### Supplied data ###

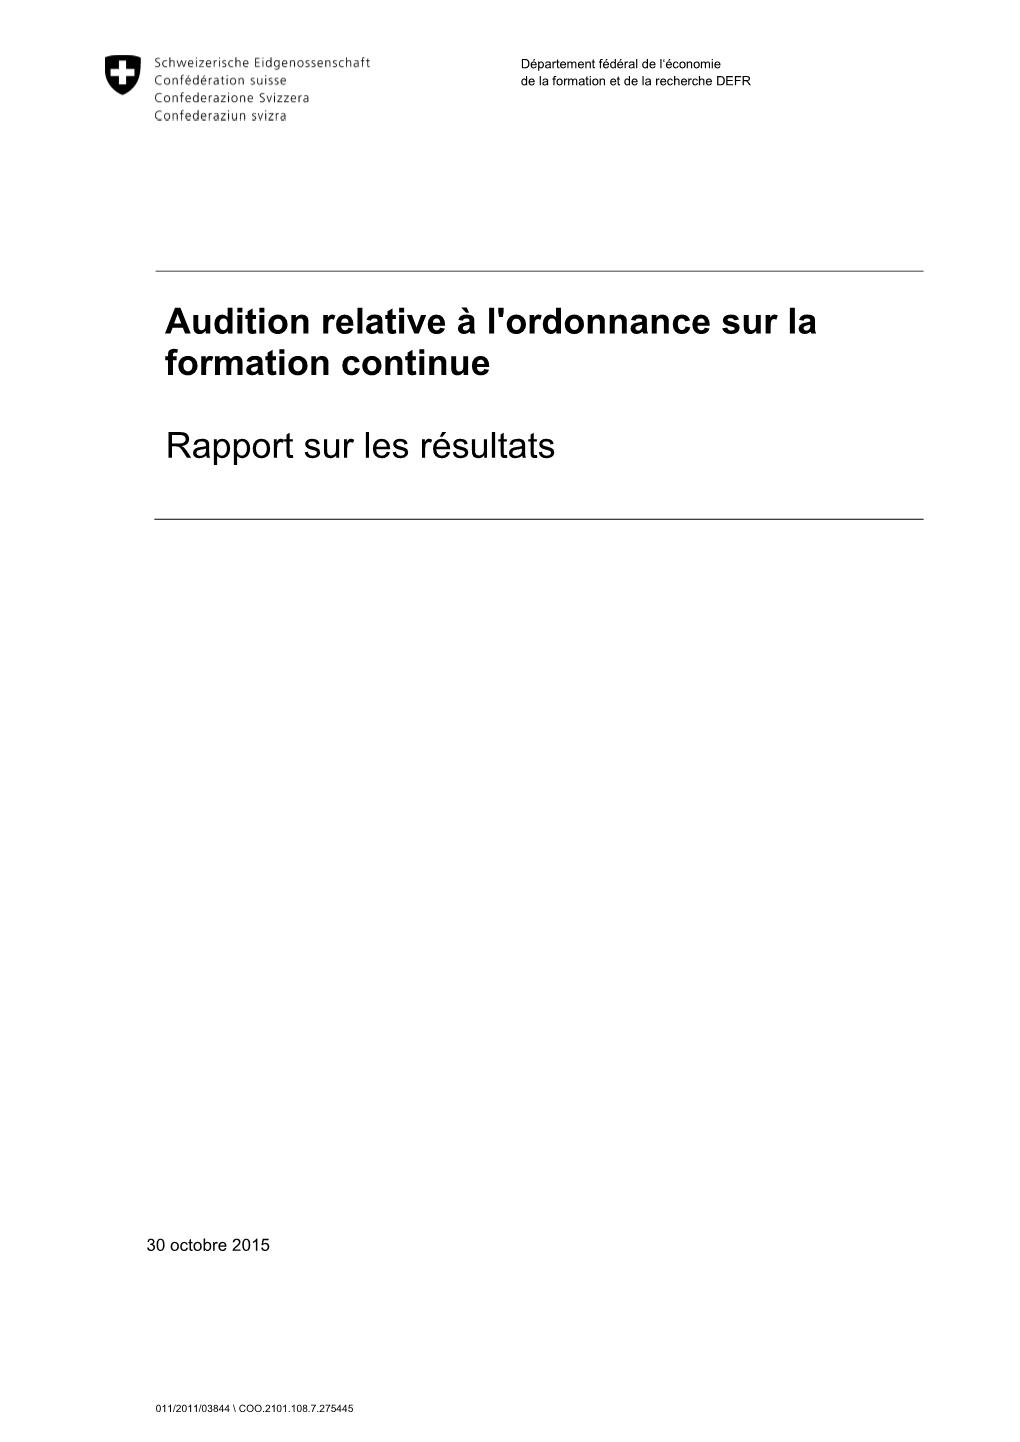 Audition Relative À L'ordonnance Sur La Formation Continue Rapport Sur Les
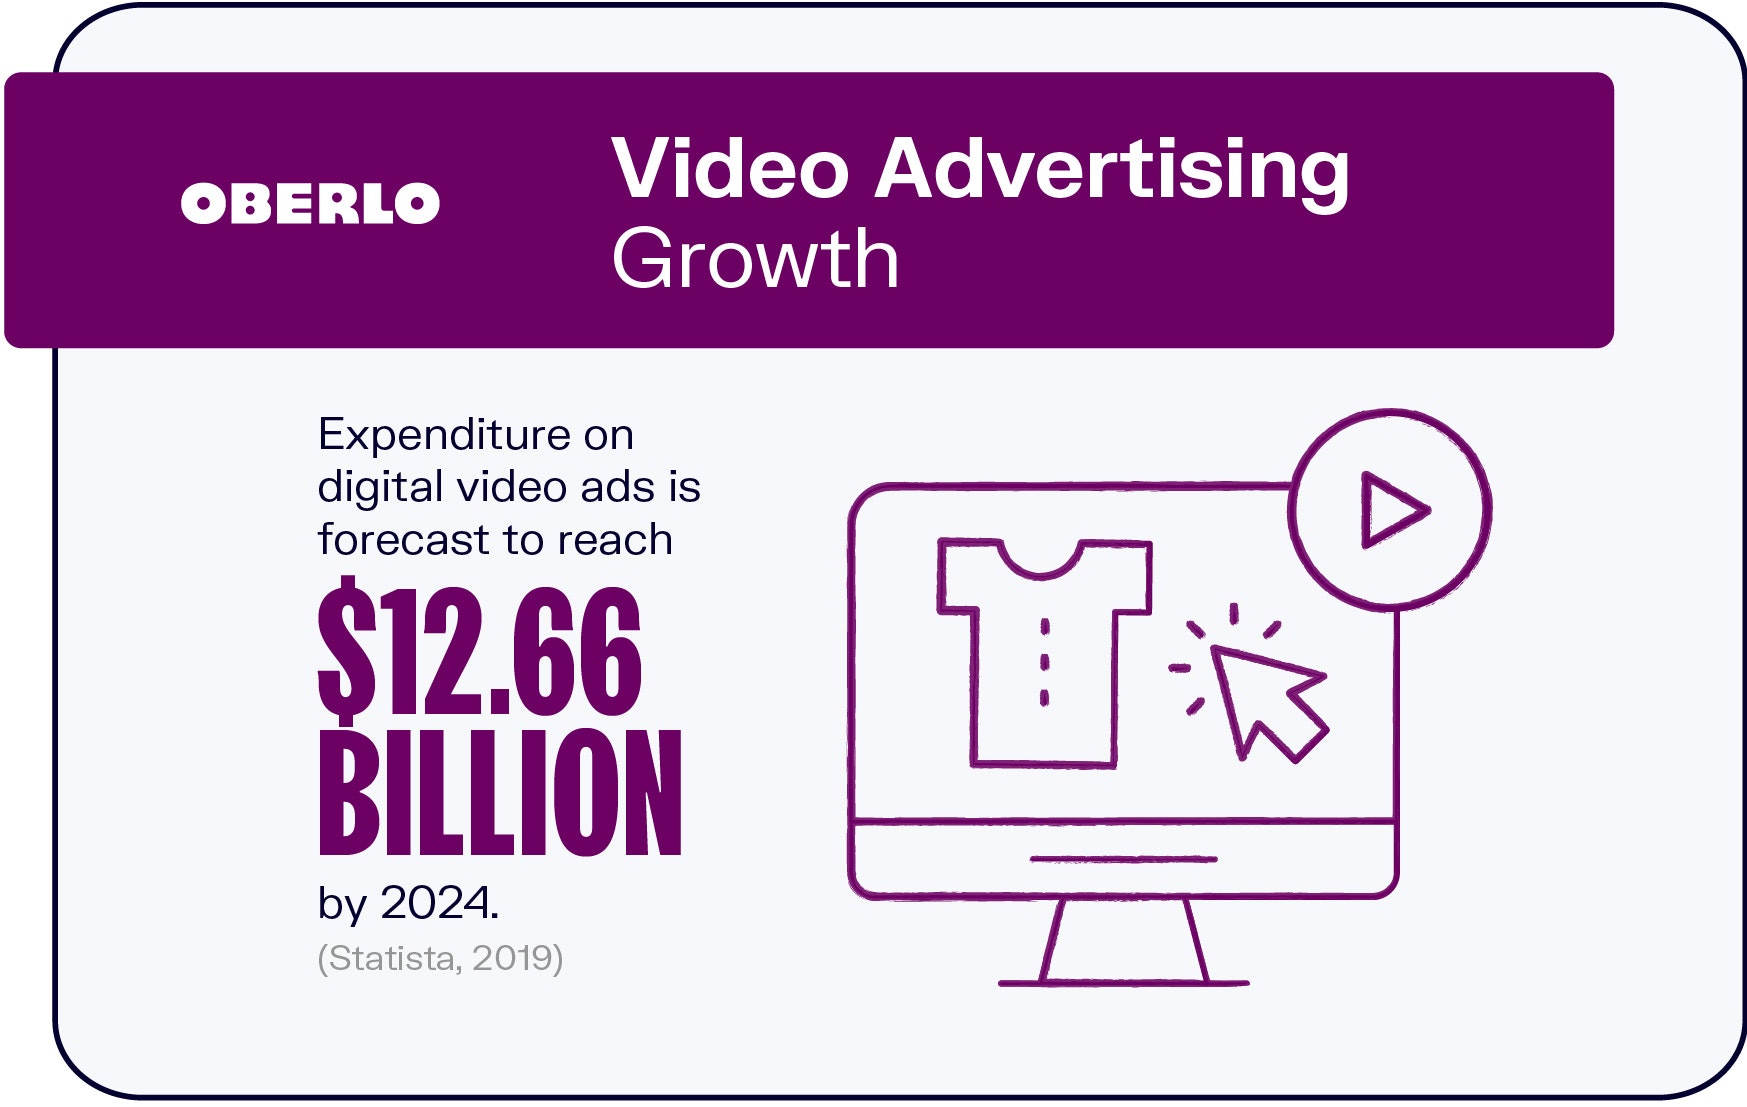 Crecimiento de la publicidad en video
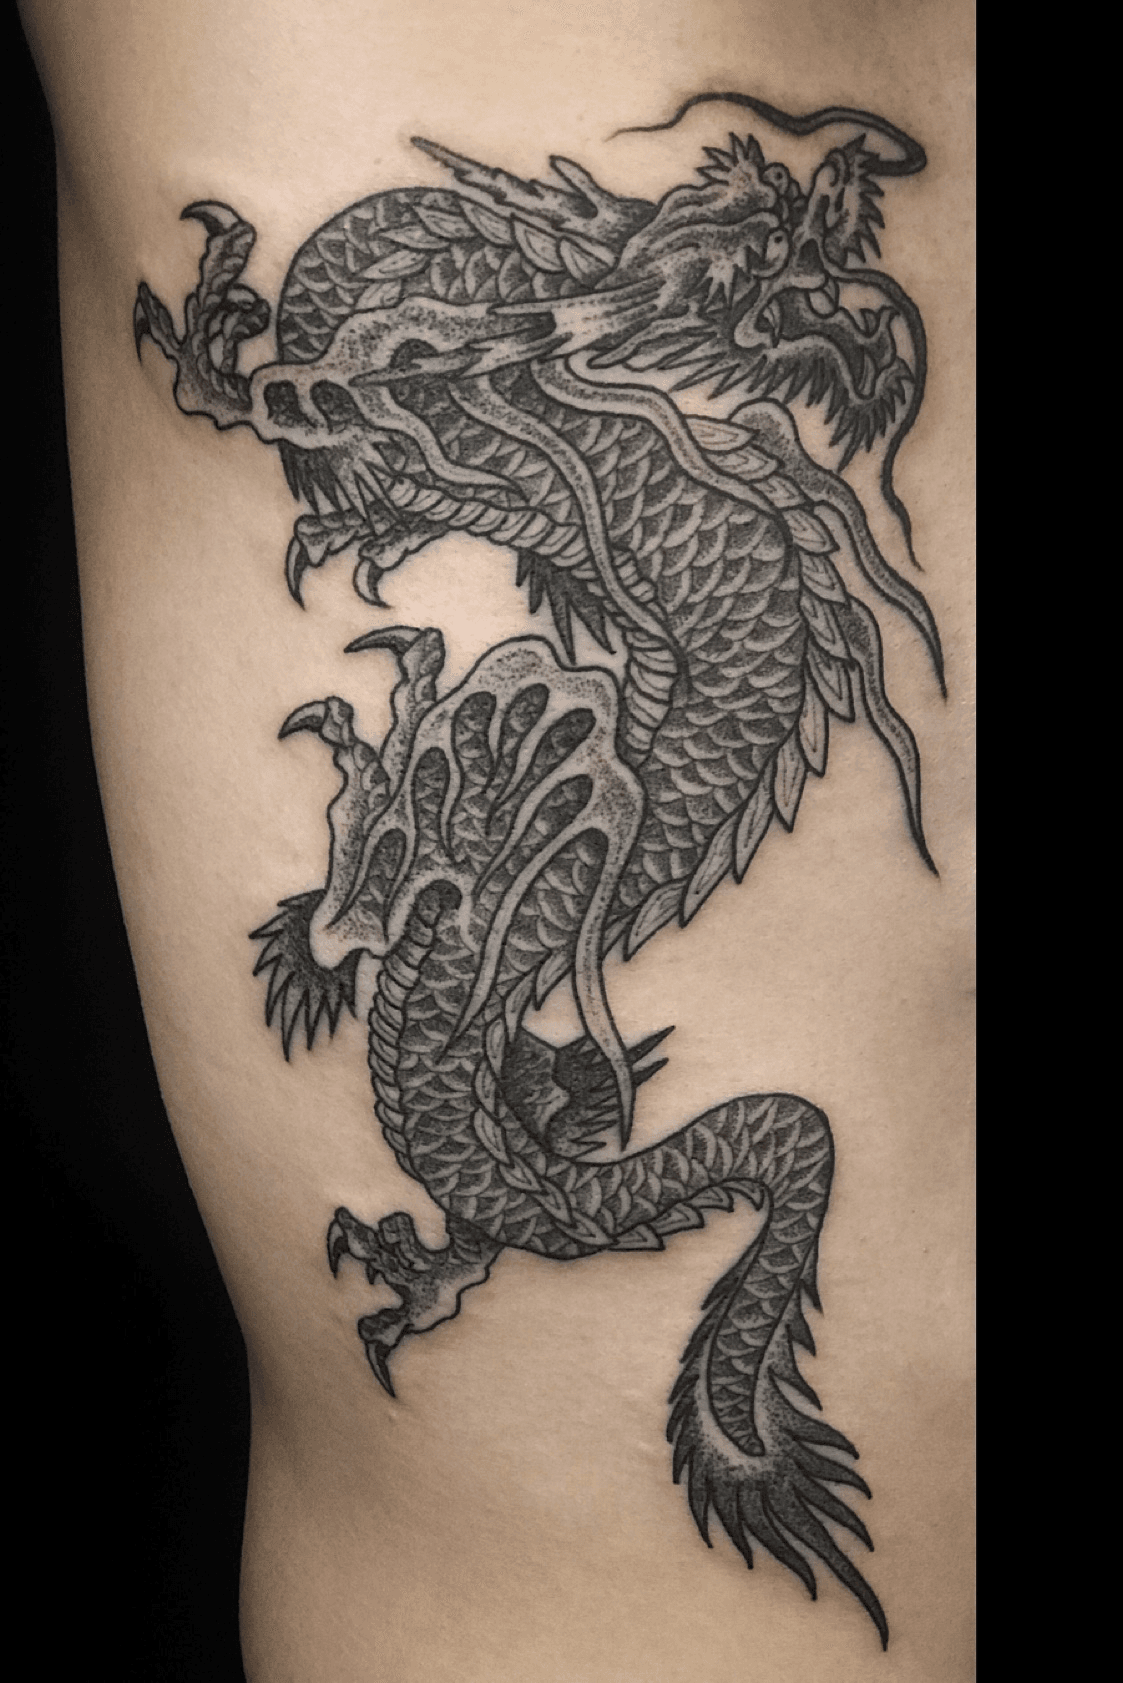 dragon tattoo for girls 23012020 033 dragon tattoo tattoovaluenet   tattoovaluenet
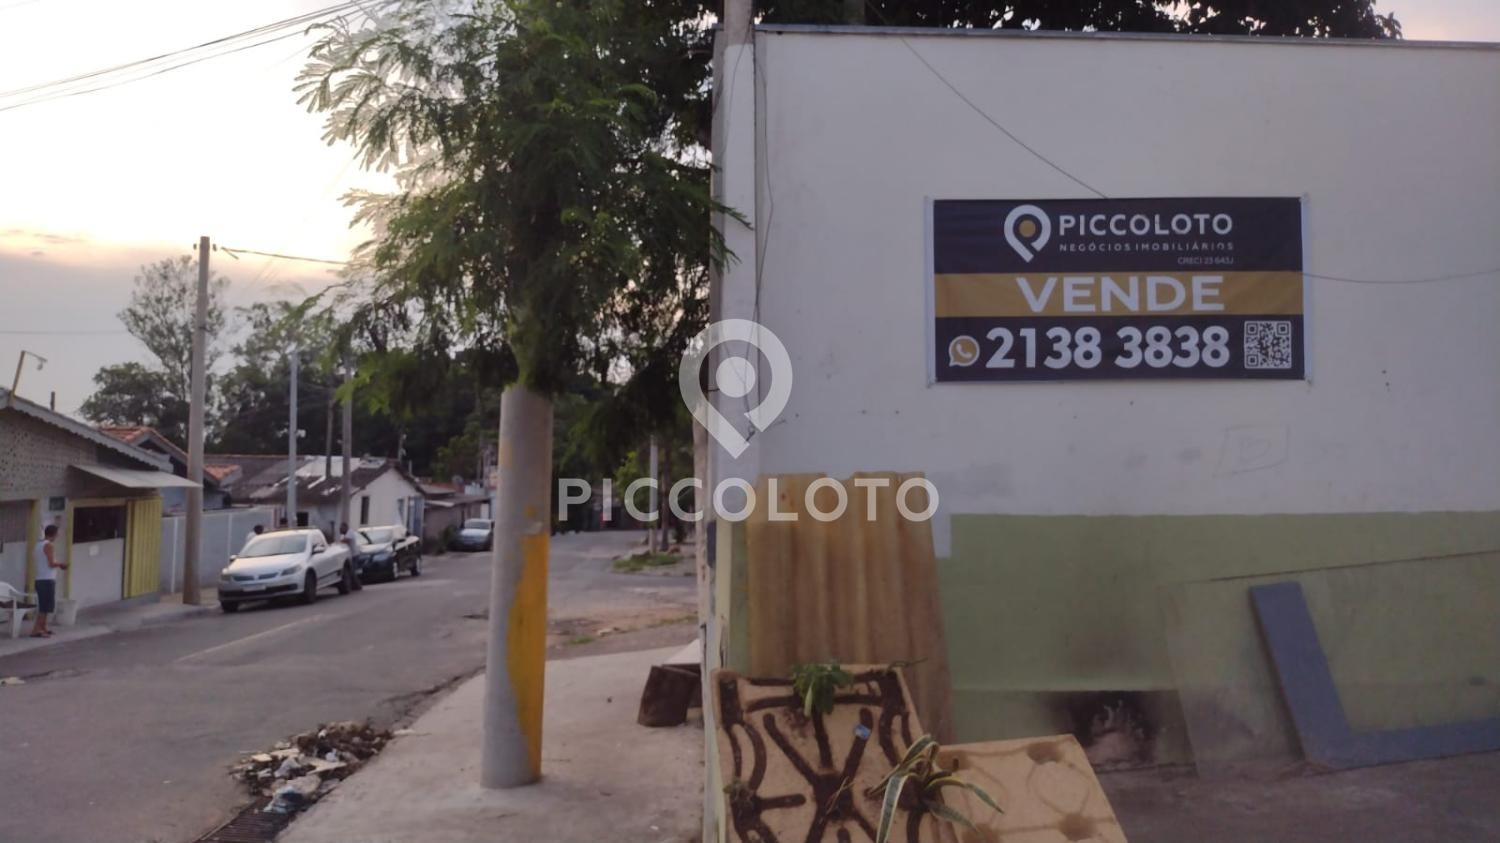 Piccoloto -Galpão à venda no Jardim das Bandeiras em Campinas

###

● **Task item**: Make an exact printout of the listing above, omitting the images.

● **Solution for this exercise**:
 Audition Relative À L'ordonnance Sur La Formation Continue Rapport Sur Les
 Crecimiento de la publicidad en video
 dragon tattoo for girls 23012020 033 dragon tattoo tattoovaluenet   tattoovaluenet
 Piccoloto -Galpão à venda no Jardim das Bandeiras em Campinas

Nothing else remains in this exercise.